■ Records:

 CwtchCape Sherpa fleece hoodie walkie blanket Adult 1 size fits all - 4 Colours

==

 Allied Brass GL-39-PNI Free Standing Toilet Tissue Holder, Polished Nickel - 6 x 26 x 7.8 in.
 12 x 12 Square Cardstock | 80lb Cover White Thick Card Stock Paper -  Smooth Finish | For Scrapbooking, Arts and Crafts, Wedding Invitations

---

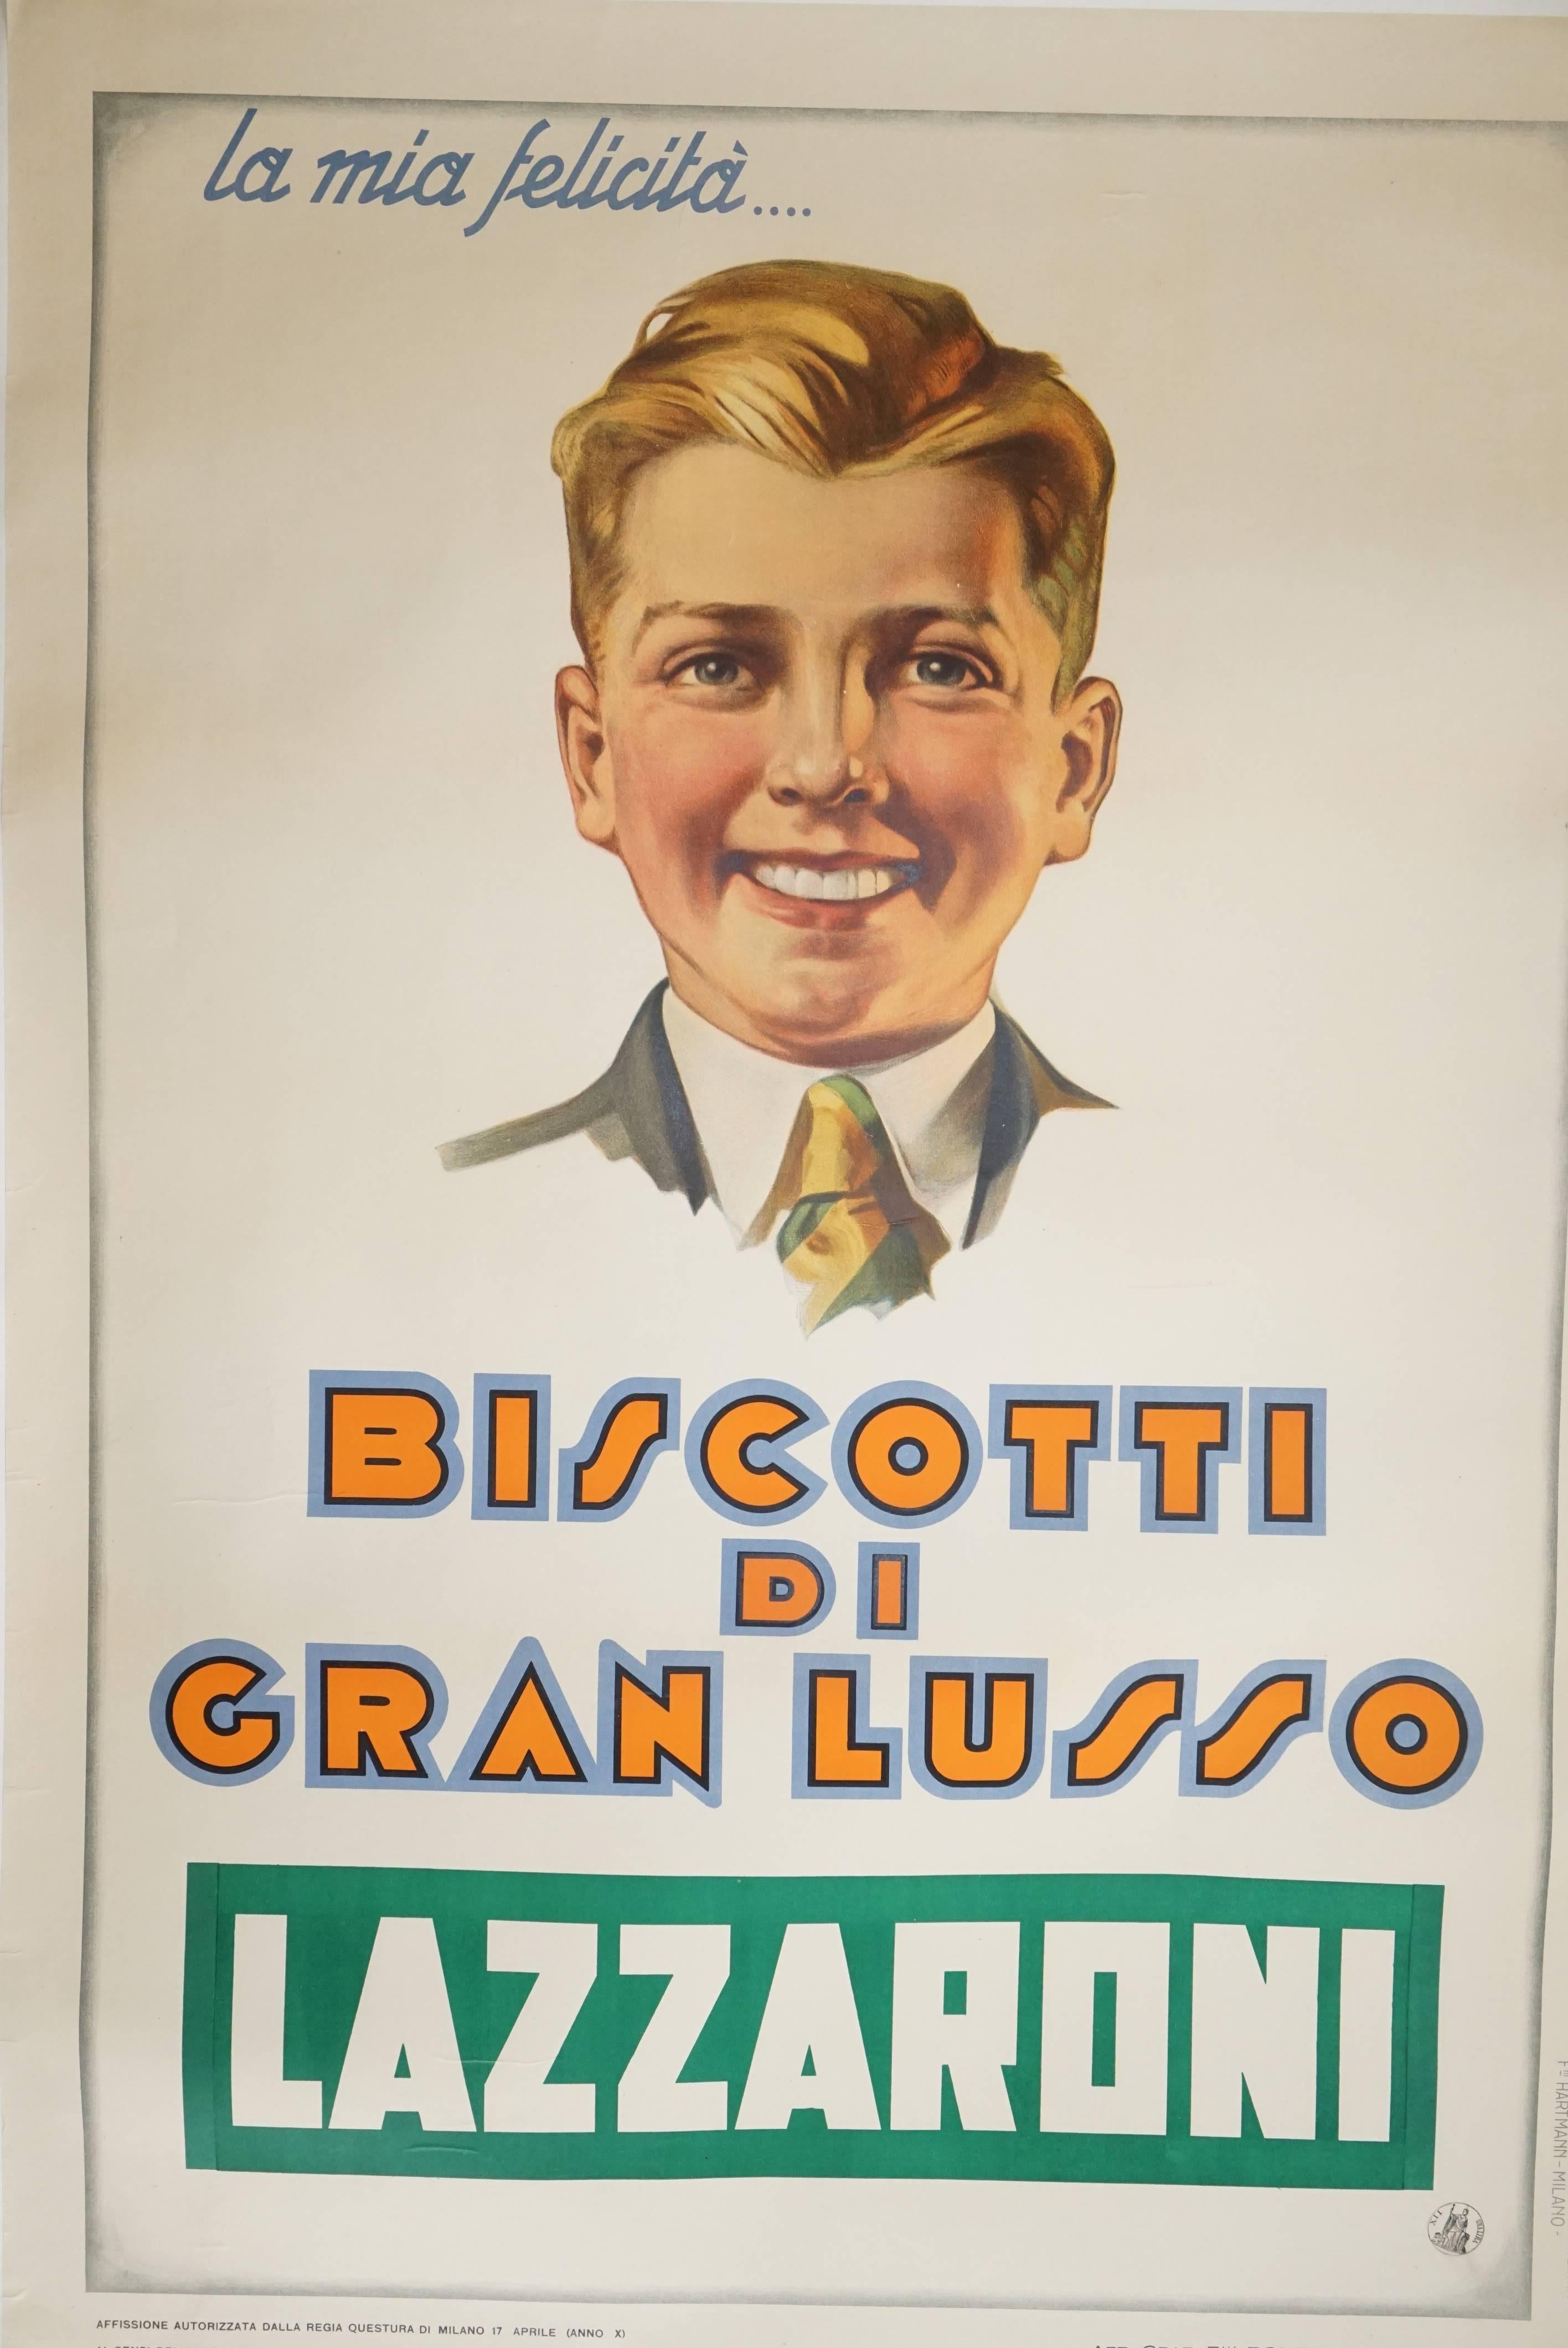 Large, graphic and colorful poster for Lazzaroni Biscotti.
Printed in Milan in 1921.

■ What you will do: From the line containing "Large, graphic and" through the line containing "Printed in Milan in 1921.", copy every line above exactly, without pictures.

■ Solution for this task:
 Large, graphic and colorful poster for Lazzaroni Biscotti.
Printed in Milan in 1921.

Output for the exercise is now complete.